Covid-19: Perspectives on Innate Immune Evasion

Abstract

The ongoing outbreak of Coronavirus disease 2019 infection achieved pandemic status on March 11, 2020. As of September 8, 2020 it has caused over 890,000 mortalities world-wide. Coronaviral infections are enabled by potent immunoevasory mechanisms that target multiple aspects of innate immunity, with severe acute respiratory syndrome coronavirus 2 (SARS-CoV-2) able to induce a cytokine storm, impair interferon responses, and suppress antigen presentation on both MHC class I and class II. Understanding the immune responses to SARS-CoV-2 and its immunoevasion approaches will improve our understanding of pathogenesis, virus clearance, and contribute toward vaccine and immunotherepeutic design and evaluation. This review discusses the known host innate immune response and immune evasion mechanisms driving SARS-CoV-2 infection and pathophysiology.

Keywords: MHC trafficking; SARS-CoV-2; cytokine - immunological terms; innnate immune; macropahge.

FIGURE 1

CoV Innate Immune Evasion.

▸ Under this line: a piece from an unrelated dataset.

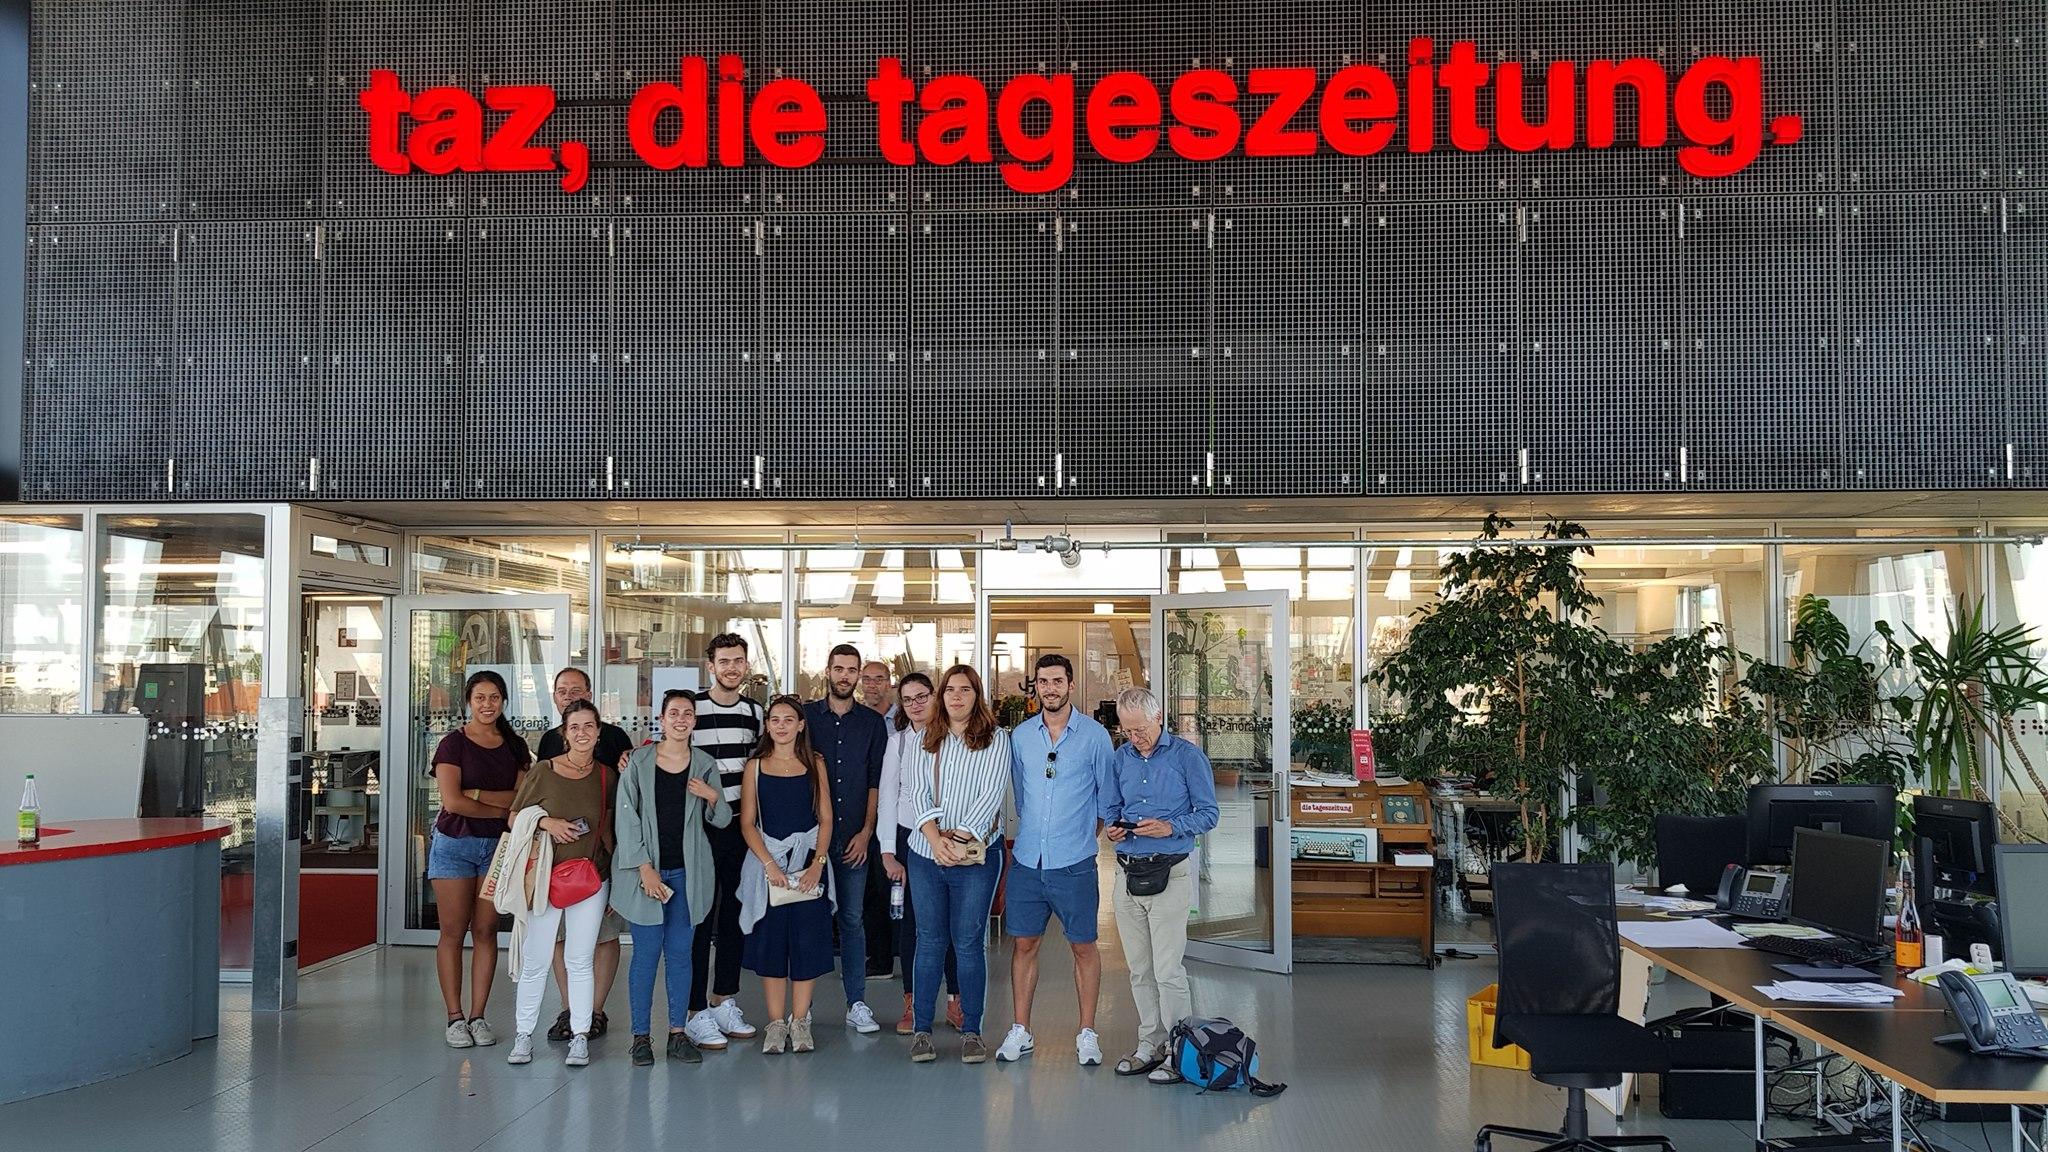 Nέοι και νέες από Αθήνα και Κάντιθ εκπαιδεύονται στο Βερολίνο σε φυσικές τεχνικές δροσισμού και θέρμανσης
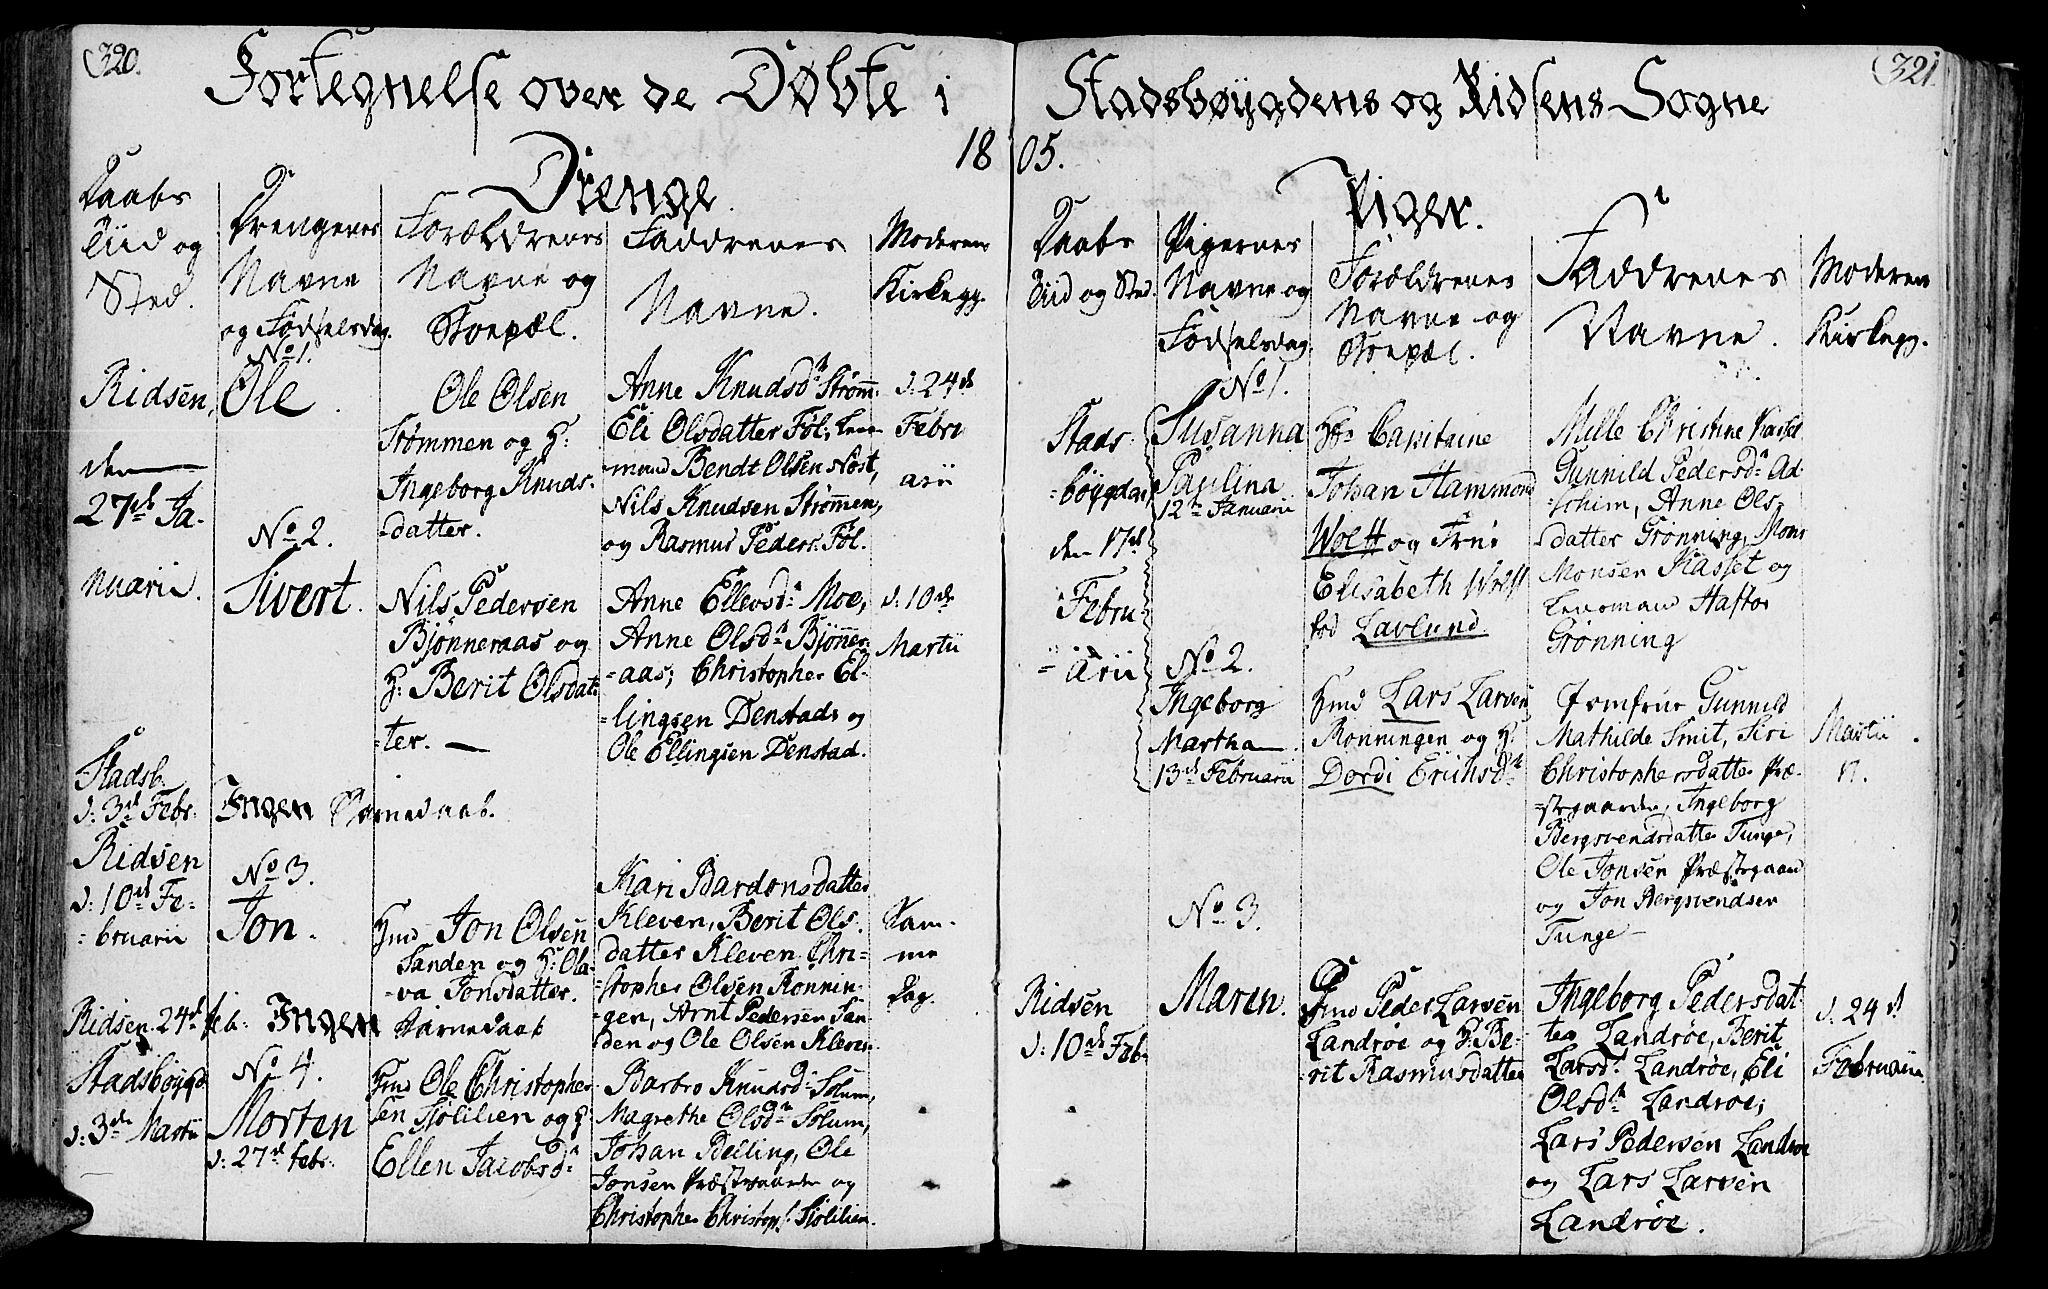 SAT, Ministerialprotokoller, klokkerbøker og fødselsregistre - Sør-Trøndelag, 646/L0606: Ministerialbok nr. 646A04, 1791-1805, s. 320-321

The innate immune response to CoV’s is activated upon detection of viral pathogen-associated molecular patterns, such as double-stranded RNA, via host PRRs such as RIG-I. Following viral recognition, transcription factors including NF-κB, AP-1 and IRF3 are activated and translocate to the nucleus where they induce the expression of interferons. Both MERS-CoV and SARS-CoV, through their M, N, non-structural proteins (NSP1, 3b, 4a, 4b, 5, 6), and PLpro, have developed mechanisms to interfere with these signaling pathways. This alters the cytokine secretion profile of infected cells to enhance the recruitment of myeloid immune cells over NK cells, which in turn produce more cytokines, creating a cycle of inflammation that damages the lung. Many of these processes are likely conserved in SARS-CoV-2.